A riprova di ciò, ecco l’ ultimo arrivato nelle nostre recensioni: il DLC di Battlefield 3. Non sappiamo voi, ma noi qui della redazione siamo stufi di stare a fare recensioni di DLC e spin off – e la brutta notizia è che forse la situazione continuerà anche a Gennaio. Al di là di ciò, vediamo di cosa si tratta: iniziamo dicendo che questo DLC è possesso di chi aveva o effettuato un pre-ordine oppure di chi aveva comprato la versione speciale. Ritorno a Karkand, il nome incriminato della recensione è questo, contiene 4 mappe prese da Battlefield 2 e 10 nuove armi, nuovi mezzi e una nuova modalità di gioco.

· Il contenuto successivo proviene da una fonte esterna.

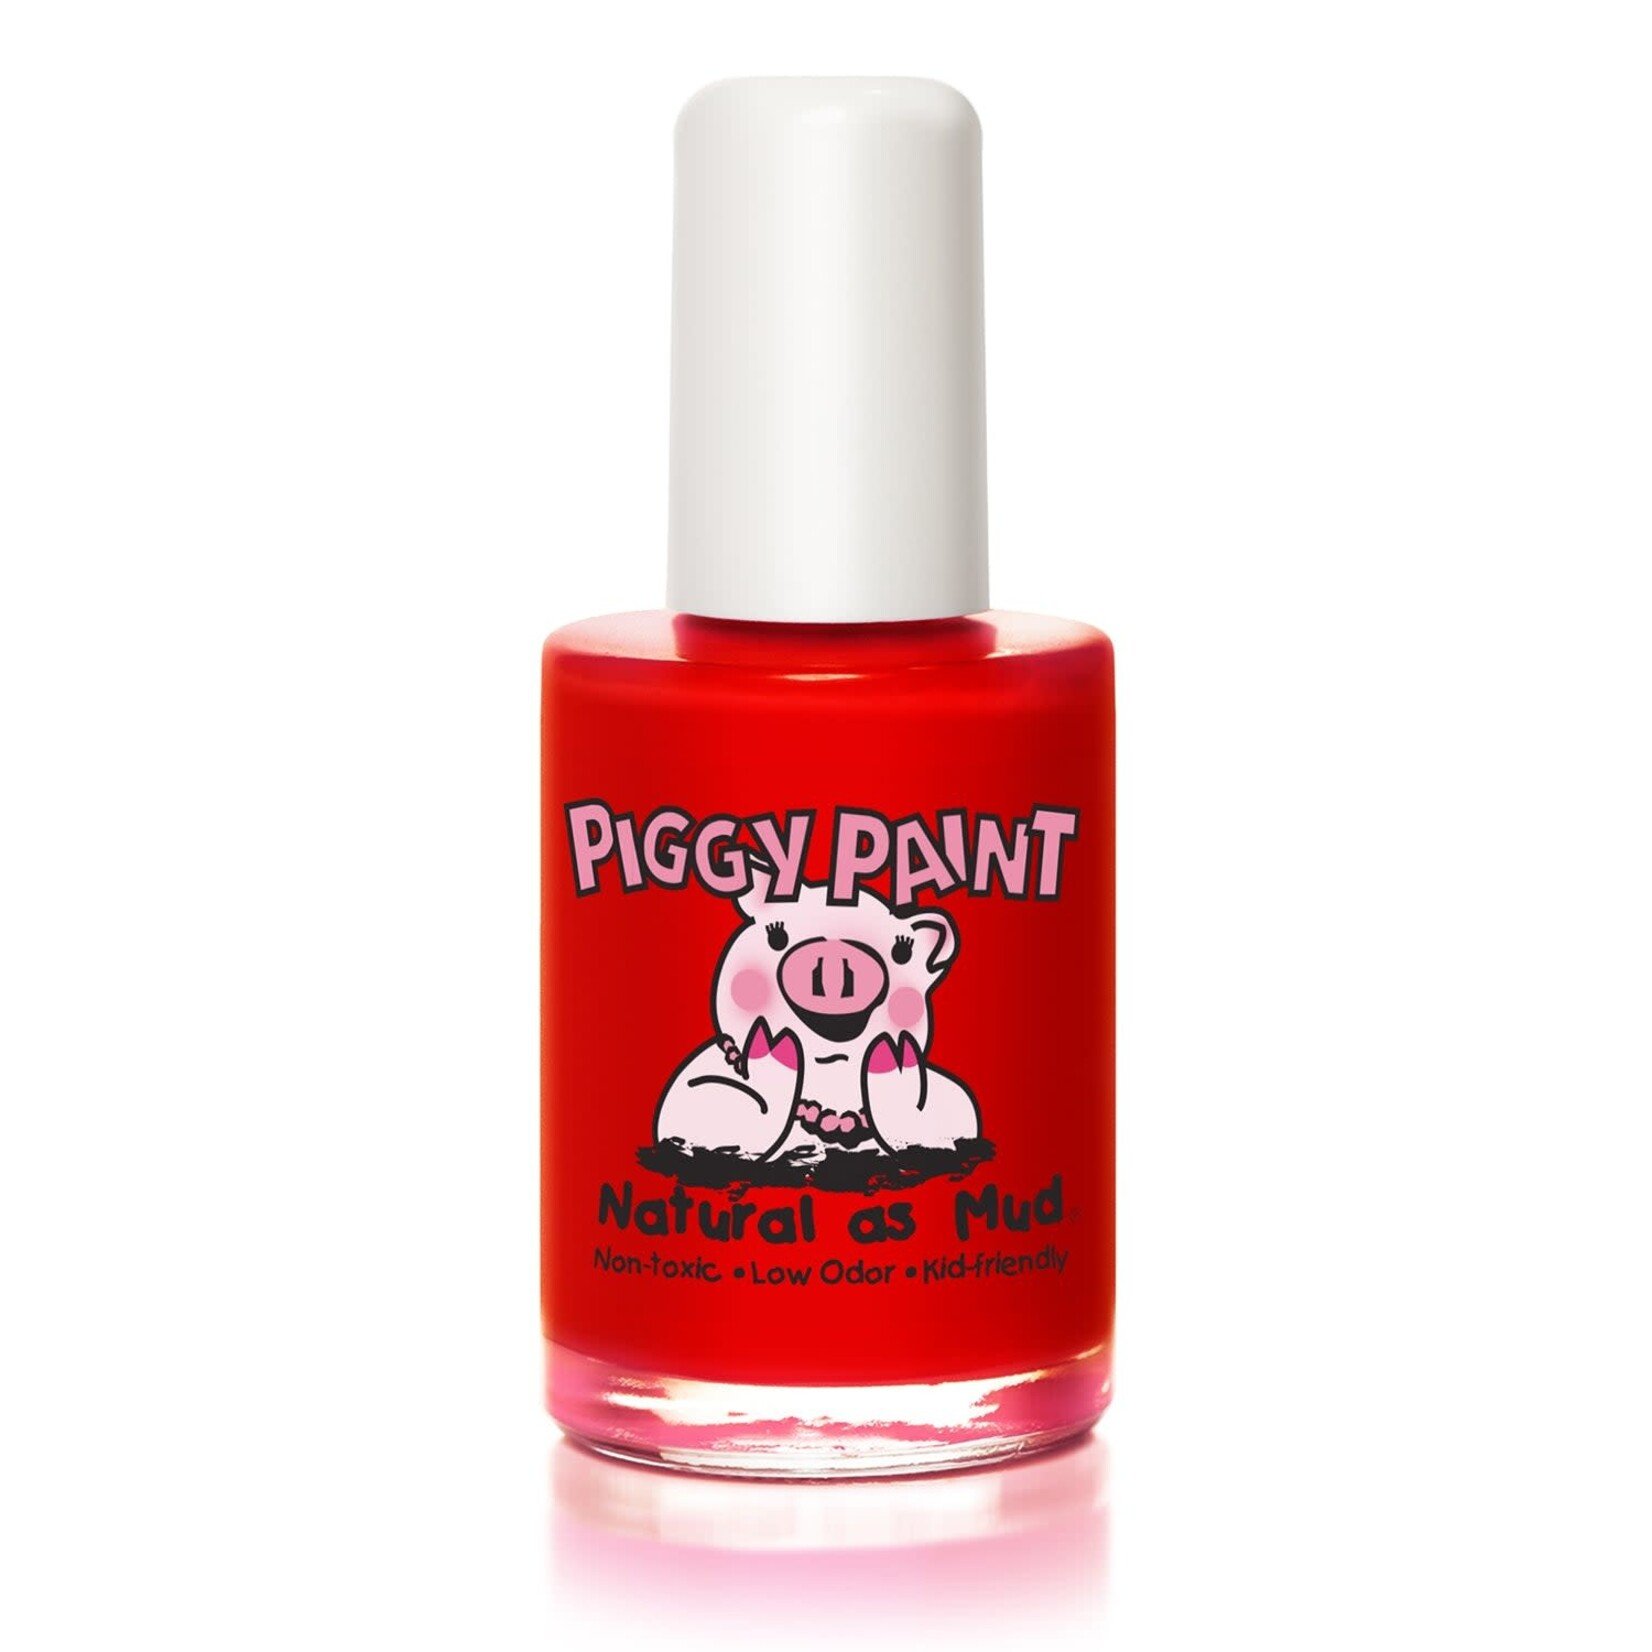 piggy paint large piggy paint

Per andare più sul preciso, i soldi si dovranno spendere se vogliamo comunque averlo: 15 euro oppure 1200 MP. Al di là dei soldi, il DLC è umanamente davvero poco interessante: siamo passati dai 24 giocatori ai 64, mappe più grandi e pazienza per l’anima nostra che si becca questa roba. Presenti gli inevitabili trofei, in cinque di numero, che di sicuro emozionerà il giocatore alla loro conquista. Al di là delle battute, le quattro mappe sono: Assalto dal mare per il controllo della penisola di Sharqi, Golfo di Oman, Attacco a Karkand e L'isola di Wake (quest’ ultima pesantemente modificata rispetto all’ originale).
Abbiamo visto anche i veicoli aggiunti, ma niente di stratosferico. Più interessante è invece la modalità aggiunta: Conquista Assalto. Essenzialmente potremo scegliere fra due squadre, una attaccante e una difensiva. E indovinate cosa dobbiamo fare se scegliamo una delle due? Attaccare la squadra avversaria oppure difenderci dalla squadra avversaria.